We work with hundreds of technology companies to simplify complex ideas.

Our portfolio can be found here: [link to portfoilo]

Best, [digital signatures]

I’ve never heard of the sender.

The typical feel of a blanket mailer. Hoping in vain for the supposedly standard 1 to 1½% response.

As dismissive as I normally am of this type of thing, I did hold a smidgen of affection for it.

The opening brashness of close intent upfront made me chuckle.

It suggests a whiff of what selling should be about. Always Be Closing.

Yet. It’s all me-me-me.

And it commits the sin of stating the ‘what’. As in, what you do as opposed to ‘why‘ you do it. “Video production”. SFW… I don’t need any, thanks.

But hey, they work with “hundreds of companies”, so I gotta listen up, right. Wrong.

Wait a mo’ though. There is the embryonic problem statement; “simplify complex ideas“.

These three words have promise.
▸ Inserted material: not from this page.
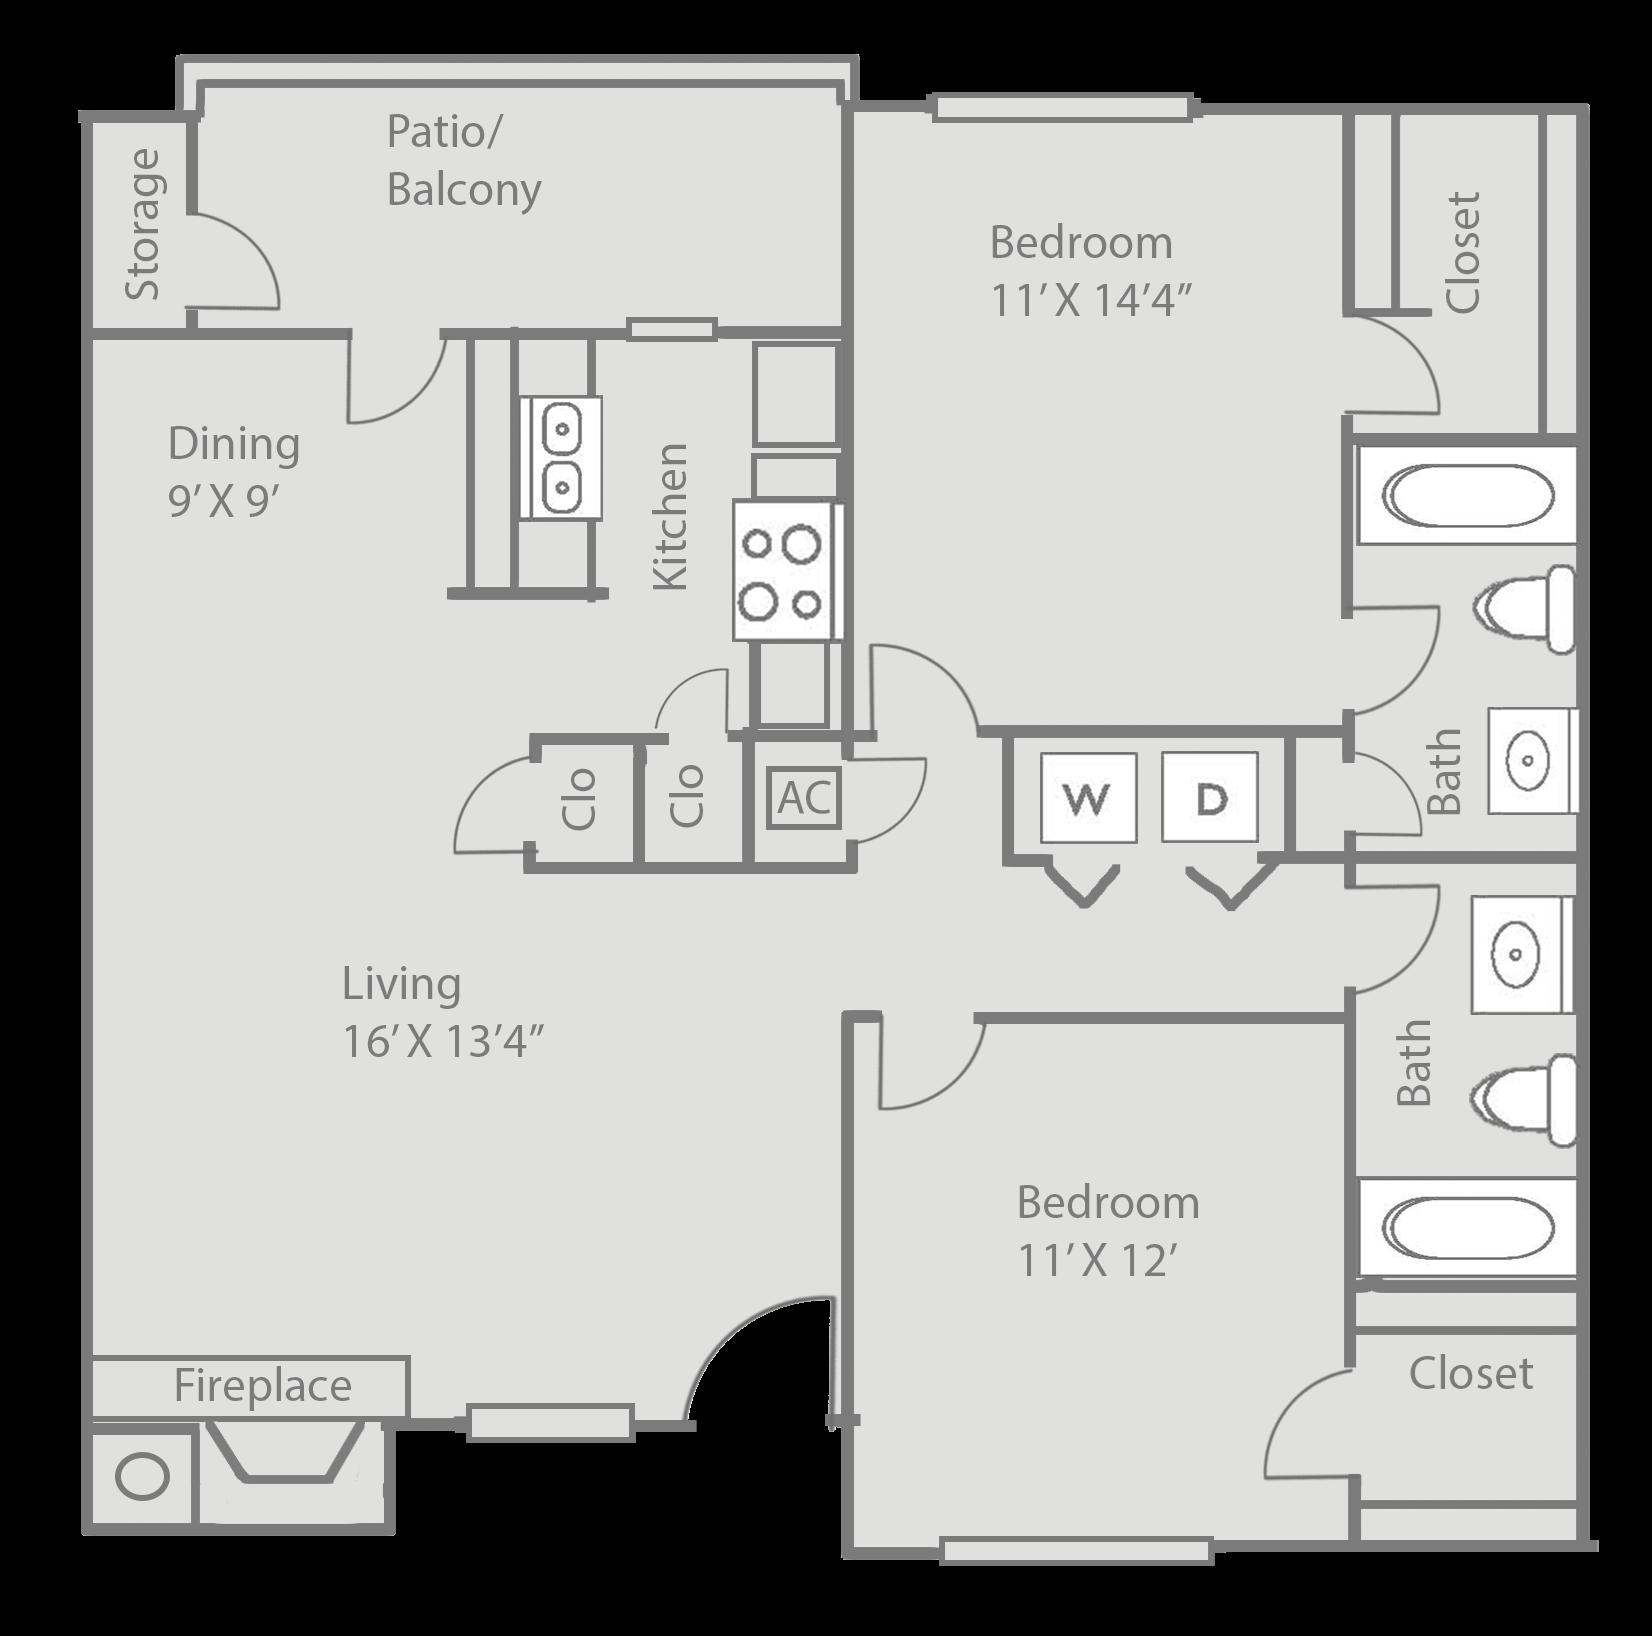 Floor Plans Of Ridgecrest Apartments In Denton, TX

The entire messaging ought be built around them.

There is a harsh reality at play here, mind you. Which is that the whole approach is misguided.

I can hear this as the seven-second cold call script. Delivered before the lighted match burns your fingers.

It’s still pretty much old school. A school who’s time has long gone. Replaced in my homeland by a higher achieving academy.

If you seek more modern ideas – ones that work in far greater numbers – then you can start by checking out Bryan Kreuzberger and Aaron Ross. Happy hunting.